The Federal Law on Economic Competition (LFCE) prohibits agreements between competitors to fix prices, divide markets, restrict supply or demand, or coordinate bids.
Absolute monopolistic practices have the most severe sanctions in the LFCE, and Mexican competition authorities allocate significant resources to investigate and sanction them.
The LFCE’s Explanatory Memorandum was clear in stating that it must “act vigorously and without exceptions against absolute practices, since they are unlikely to bring efficiency advantages and always have a direct and negative impact on the consumer and the economy in general.”
The provision in the LFCE prohibiting anticompetitive agreements between competitors has barely changed in these 30 years.
The 2006 reform adjusted the text to prohibit these conducts from both the supply and demand side.
The new LFCE establishes that the exchange of information between competitors will be sanctioned when it has the purpose or effect of fixing prices, dividing markets, restricting supply or demand, or coordinating bids. The 1992 LFCE only sanctioned the exchange of information with the purpose or effect of fixing prices.
There are two issues that, with the 2006 reform and the new LFCE, have strengthened the powers of investigation of absolute monopolistic practices: a) Cofece´s Investigative Authority has more instruments to investigate, since the 1992 LFCE only authorized the Commission to request information and documentation; and b) the immunity program implies that competitors involved in the practice may acknowledge their participation and submit evidence of their participation, in order to obtain the benefit of reduced sanctions, with which the authority obtains direct evidence of collusion.
It must be considered that, according to the criteria of the competition authority and the Federal Judiciary, to sanction a monopolistic practice:
- the size of competitors in the market is irrelevant. The authority has sanctioned companies or businessmen that individually have a little participation in the market, such as tortilla-makers, laundromats, transportation companies, among others.
- It is sufficient that only two competitors participate in the agreement; the LFCE does not establish that the majority or all the competitors must participate in the anti-competitive agreement to sanction the conduct.
- the standard of proof for the authority is low. The authority can sanction with indicia evidence. The reason is that generally these agreements between competitors are made in secret and those involved try not to leave evidence of their conduct.
- it is irrelevant whether the agreement among competitors is pro-competitive. Defense arguments made by competitors related to efficiency, market size, competitors’ power, profit obtained, to “order the market”, or any other reason that “justifies” the agreement between competitors, are not taken into consideration. The authority always sanctions competitors who agree to carry out the anticompetitive conduct.

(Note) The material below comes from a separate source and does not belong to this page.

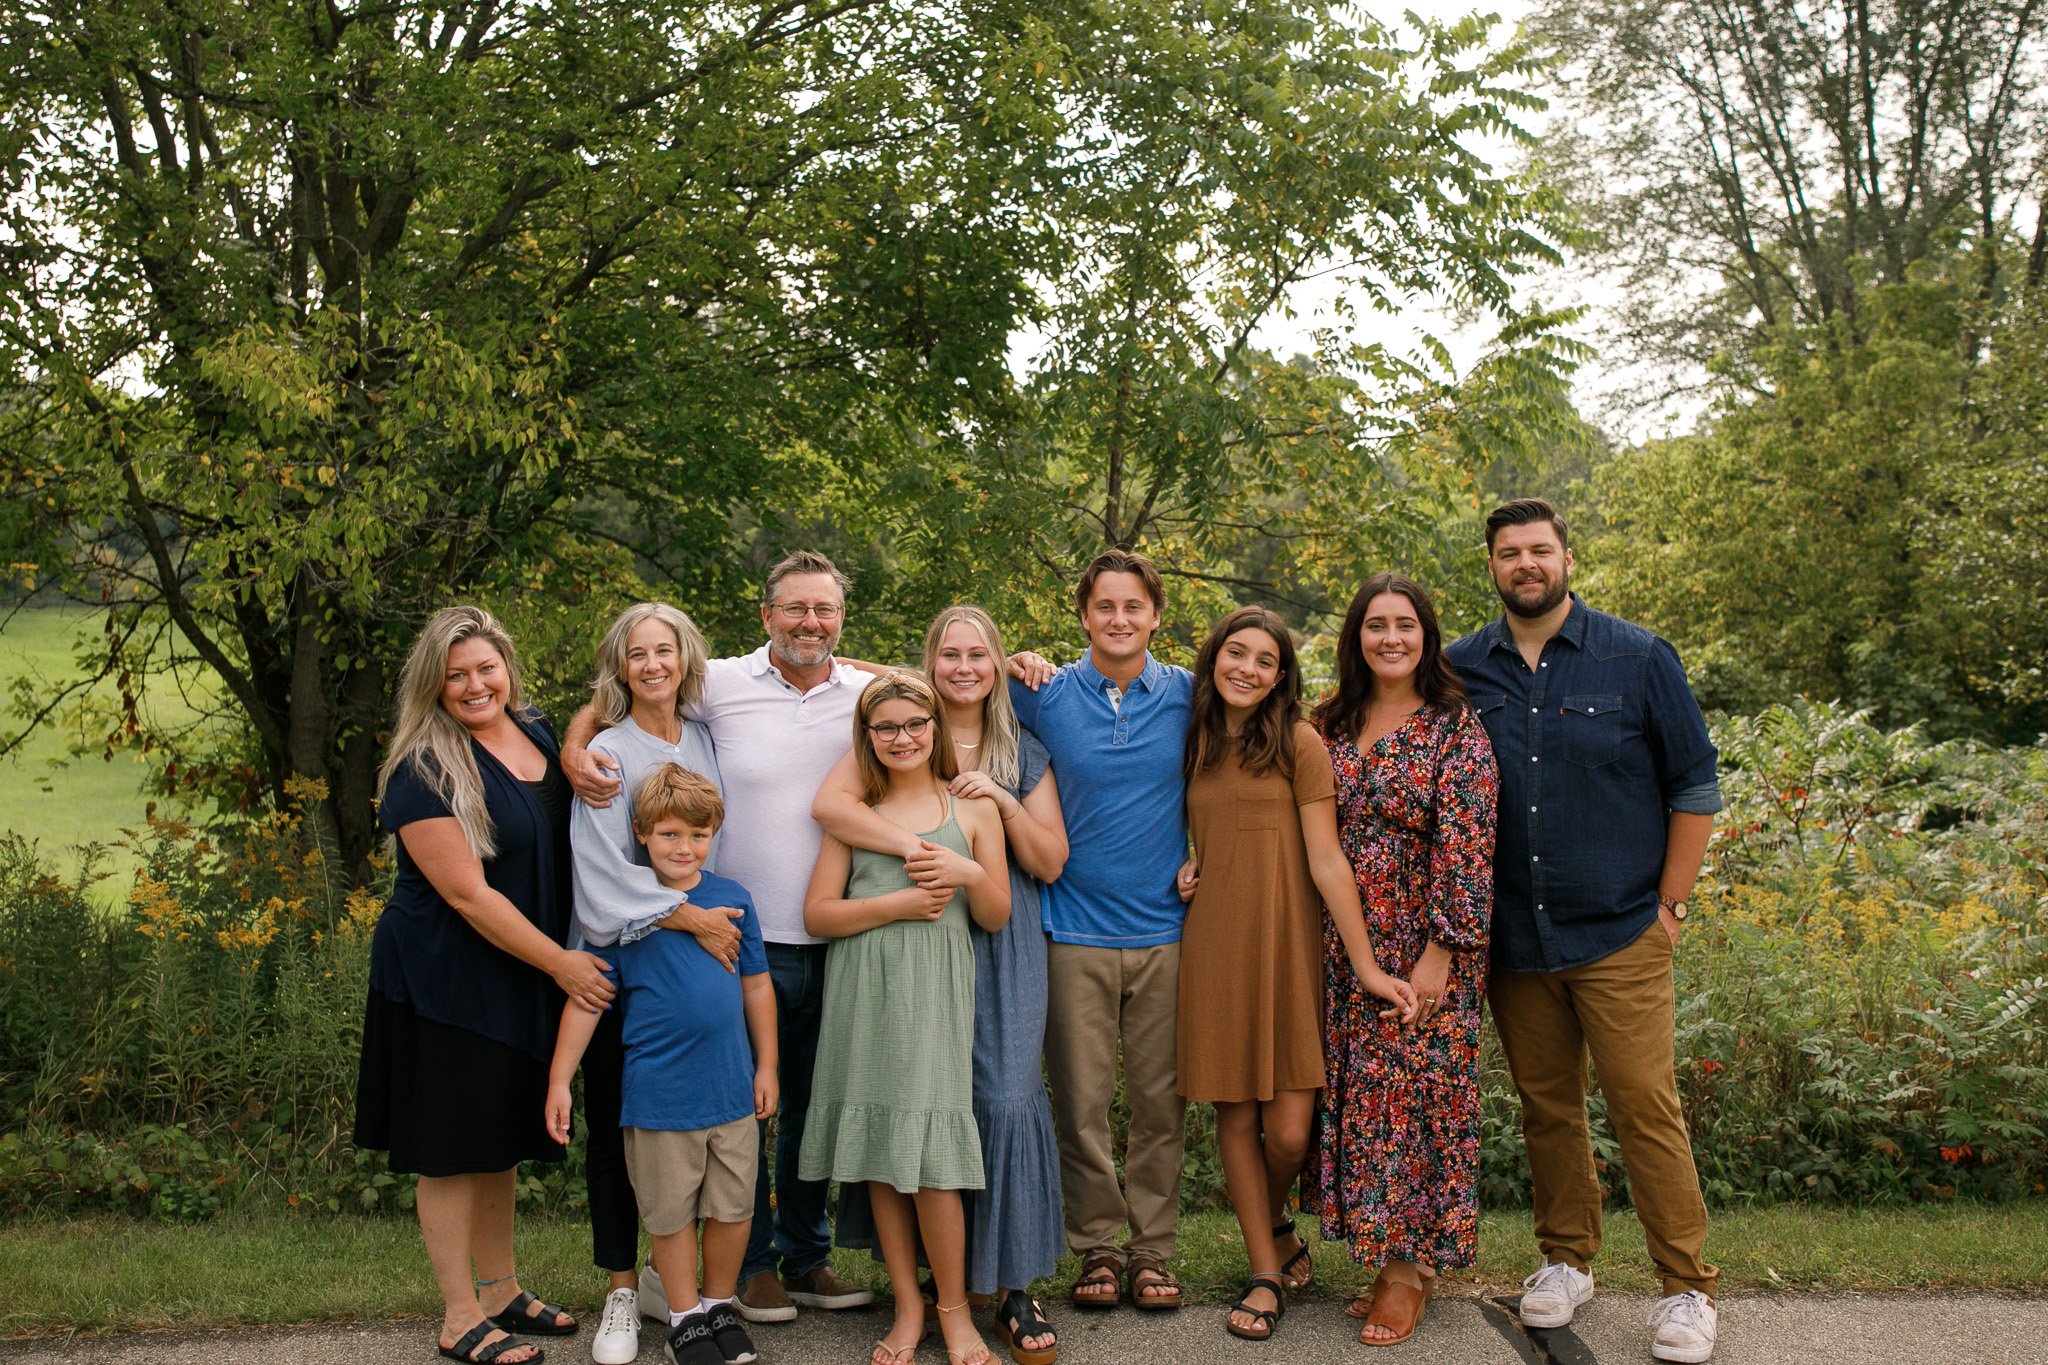 Baker Family Photos - Grand Rapids Family Photographer - Rockford Family Photographer - Ada Family Photographer - Extended Family Portraits - Jessica Darling - J Darling Photo052.jpg

- the authority must prove the quality of competitors of those involved in the unlawful conduct, without having to analyze the relevant market, substantial power, or whether the behavior is efficient.
In collusive agreements, not only the competitors may be sanctioned, but also the individuals directly involved or those who assist in the execution of the practice. Sanctions may include a fine, and disqualification from exercising certain positions, in addition to the corresponding criminal sanctions.
Throughout these thirty years, Mexico has faced several cases of absolute monopolistic practices that have had a significant impact on different sectors of the economy. Some of these cases have involved national and international companies that have been sanctioned by Cofece for their participation in anti-competitive behavior.